In this investigation, we compared the predictive ability of GW-PRS for prostate cancer to the multi-ancestry PRS269 of established prostate cancer risk variants. GW-PRS models were trained using summary statistics from the studies used to construct the multi-ancestry PRS269, which included 107,247 cases and 127,006 controls from European (85,554 cases and 91,972 controls), African (10,368 cases and 10,986 controls), East Asian (8,611 cases and 18,809 controls), and Hispanic (2,714 cases and 5,239 controls) populations3. Three recent GW-PRS approaches were evaluated: LDpred210, PRS-CSx11, and EB-PRS12, using the 1.1 million HapMap3 panel variants13 recommended by these approaches, which included 44 of the 269 variants, with all other autosomal prostate cancer risk variants being within 800 kb and correlated with a median r=0.99 (ranging from 0.31–1.00 in any given population) of at least one of the 1.1 million HapMap3 variants (Supplemental Methods and Tables S1S2). For comparison, each model was trained using previously estimated multi-ancestry weights and population-specific weights from the GWAS summary statistics3. GW-PRS models were tested in African ancestry men from the California/Uganda Study (CA/UG Study; 1,586 cases and 1,047 controls) and European ancestry men from the UK Biobank (8,046 cases and 191,825 controls; Supplemental Methods). Additional validation was performed in 6,353 cases and 53,362 controls of African ancestry and 13,643 cases and 210,214 controls of European ancestry from the Million Veteran Program14 (MVP; Supplemental Methods).

In the CA/UG and UK Biobank testing datasets, the best performing GW-PRS approach was PRS-CSx with multi-ancestry weights, with an area under the curve (AUC) of 0.656 (95% CI=0.635–0.677) in African and 0.844 (95% CI=0.840–0.848) in European ancestry men (Supplemental Methods, Figure 1, and Table S3). Each SD unit increase in PRS was associated with 1.83-fold higher odds of prostate cancer (95% CI=1.67–2.00) in men of African ancestry and 2.19-fold higher odds of prostate cancer (95% CI=2.14–2.25) in men of European ancestry (Supplemental Methods, Figure 1, and Table S4). However, compared to PRS-CSx, the PRS269 had higher or nearly identical AUCs in both African (0.679, 95% CI=0.659–0.700) and European (0.845, 95% CI=0.841–0.849) ancestry men, and the PRS269 was associated with 2.05-fold higher odds (95% CI=1.87–2.26) and 2.21-fold higher odds (95% CI=2.16–2.26) of prostate cancer in African and European ancestry men, respectively (Figure 1, Table S3, and Table S4). Findings were consistent when investigating extreme PRS distributions, with similar prostate cancer OR observed for the PRS269 and the best performing GW-PRS (PRS-CSx) when comparing African and European ancestry men in the highest PRS decile (90–100%) to those in the average 40–60% PRS category (Supplemental Methods, Figure S1, and Table S5).

Figure 1.

Figure 1.

Comparison of PRS performance in the CA UG Study and the UK Biobank testing data. PRS performance is evaluated using area under the curve (AUC) estimated in men of A) African and C) European ancestry and OR of prostate cancer for each SD increase in PRS in men of B) African and D) European ancestry.
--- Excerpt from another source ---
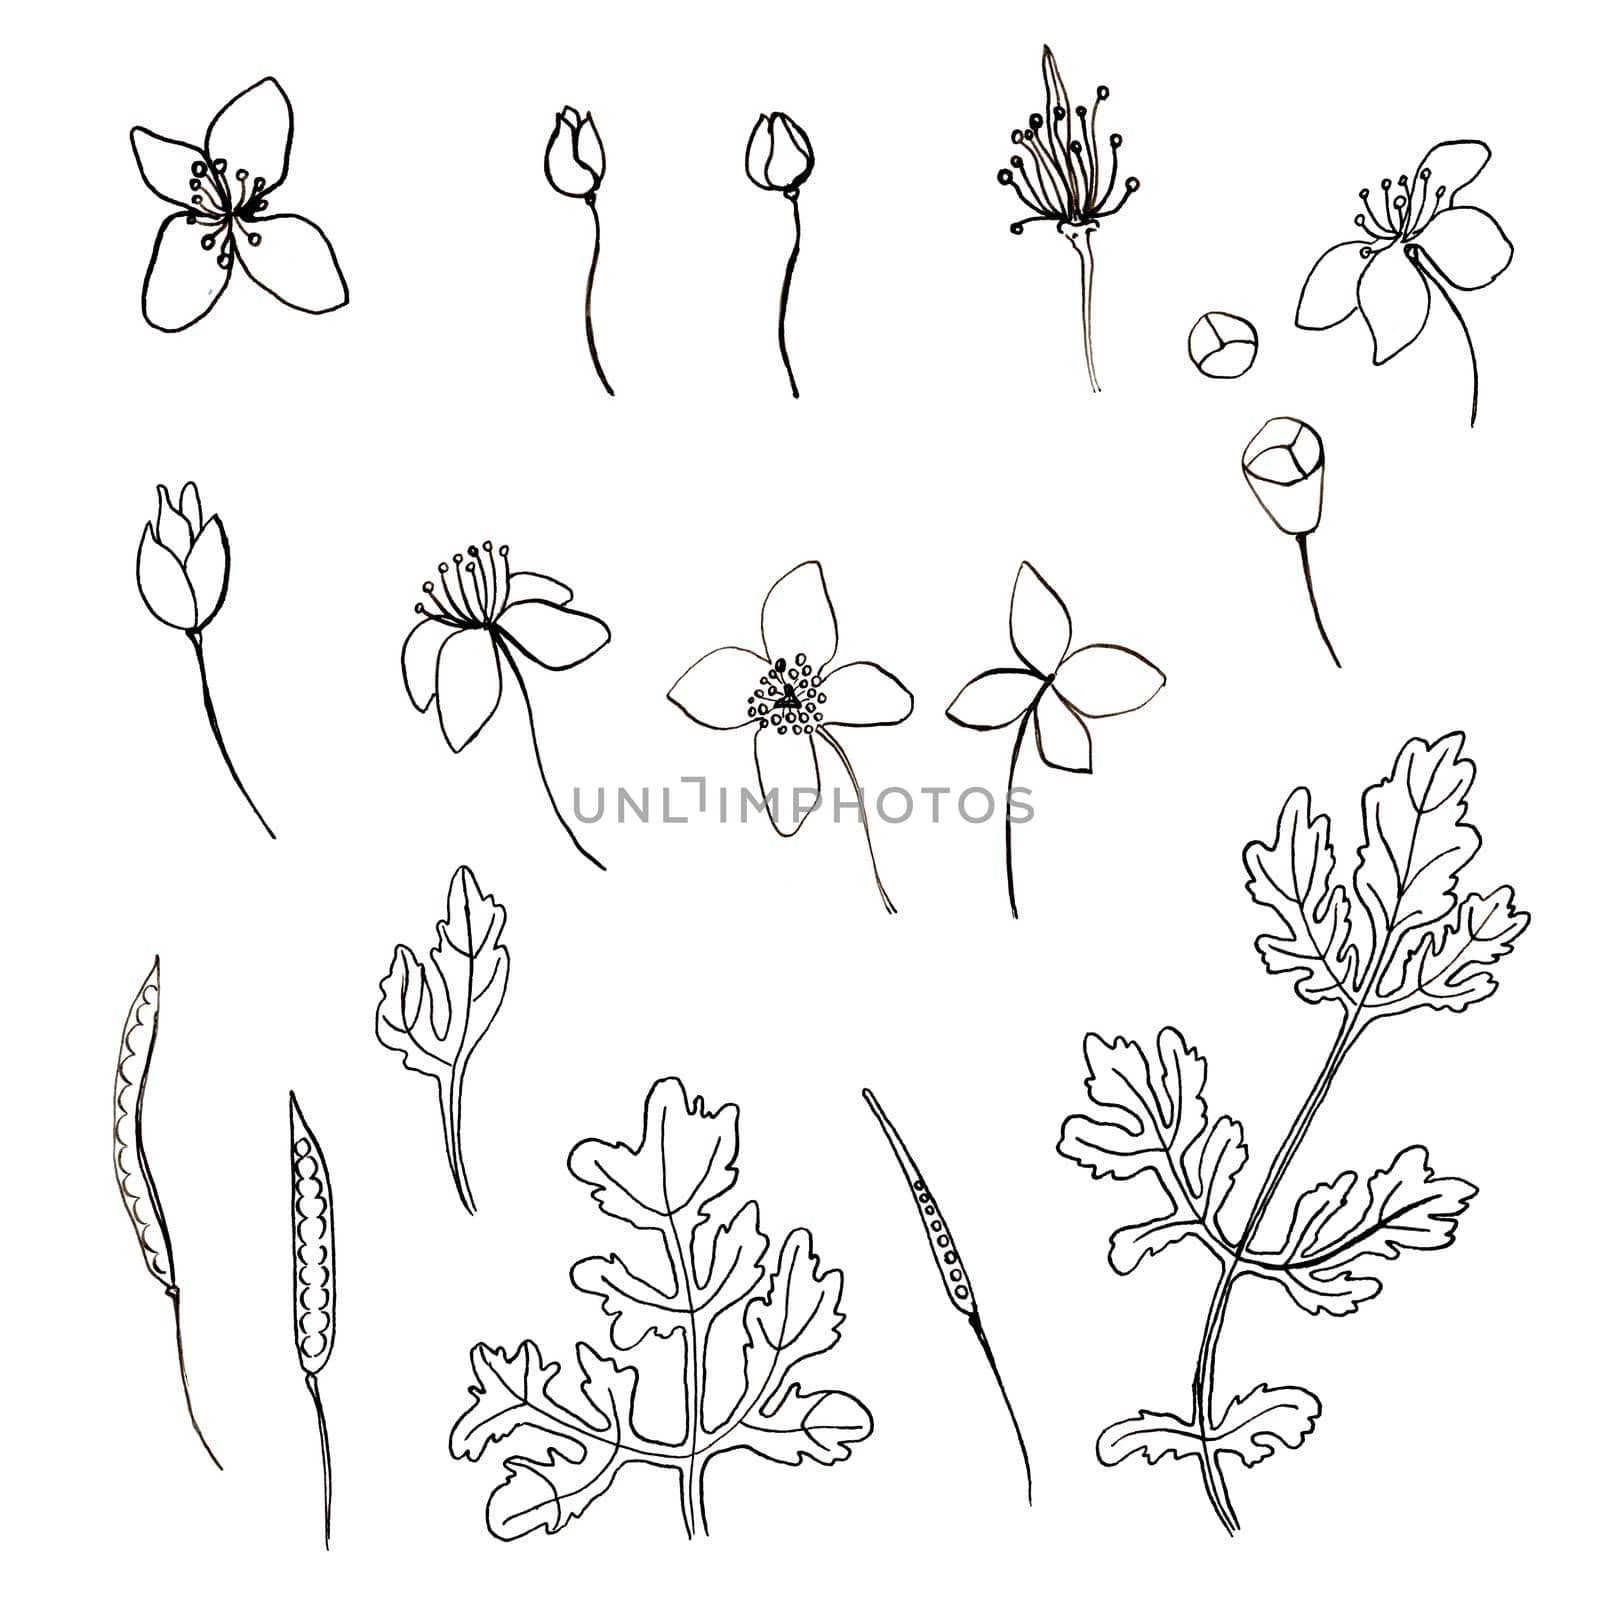 Celandine flower set hand drawn graphic botanical illustration, doodle ink sketch isolated on white, medical plant, contour style, line art for greeting card, invitation, medicine, design cosmetic

Similarly, in the validation MVP study, the best performing GW-PRS approach was PRS-CSx with multi-ancestry weights; however, the PRS269 performed either better or similarly with regards to AUC (AUC=0.656 [95% CI=0.649–0.663] versus AUC=0.624 [95% CI=0.617–0.632] in African ancestry men; AUC=0.694 [95% CI=0.690–0.699] versus AUC=0.692 [95% CI=0.687–0.696] in European ancestry men; Figure 2 and Table S3). Likewise, the PRS269 was associated with prostate cancer OR that were comparable or larger than OR estimated with PRS-CSx (OR=1.77, 95% CI=1.72–1.82 versus OR=1.59, 95% CI=1.54–1.63 in African ancestry men; OR=1.99, 95% CI=1.952.02 versus OR=1.97, 95% CI=1.93–2.01 in European ancestry men; Figure 2 and Table S4). OR calculated for African and European men in the top PRS decile were also comparable across the PRS269 and PRS-CSx (Figure S2 and Table S5). In the testing and validation datasets, model performance was similar for both PRS269 and GW-PRS approaches when using either multi-ancestry or population-specific weights (Figures 12, Figures S1S2, and Tables S3S5).

Figure 2.

Figure 2.

Comparison of PRS performance in the MVP validation data. PRS performance is evaluated using area under the curve (AUC) estimated in men of A) African and C) European ancestry and OR of prostate cancer for each SD increase in PRS in men of B) African and D) European ancestry.

Findings from this investigation suggest that current GW-PRS approaches do not outperform the multi-ancestry PRS269 for overall prostate cancer risk prediction. For several other disease examples, GW-PRS have been shown to perform better than PRS of known variants59; however, these PRS are typically constructed from a pruning and thresholding approach within European ancestry individuals rather than a fine-mapping approach across diverse populations. As such, the performance observed for our prostate cancer PRS269 may be due to identifying GWAS risk variants from a multi-ancestry GWAS and fine-mapping study, along with the use of the same multi-ancestry GWAS to construct the GW-PRS3. It is also possible that the unique genetic architecture of prostate cancer contributes to the high performance of the PRS269 across populations, as prostate cancer is one of the most heritable cancers15,16 and has been estimated to display a greater distribution of variants with larger effect sizes than other cancers with similar GWAS sample sizes9.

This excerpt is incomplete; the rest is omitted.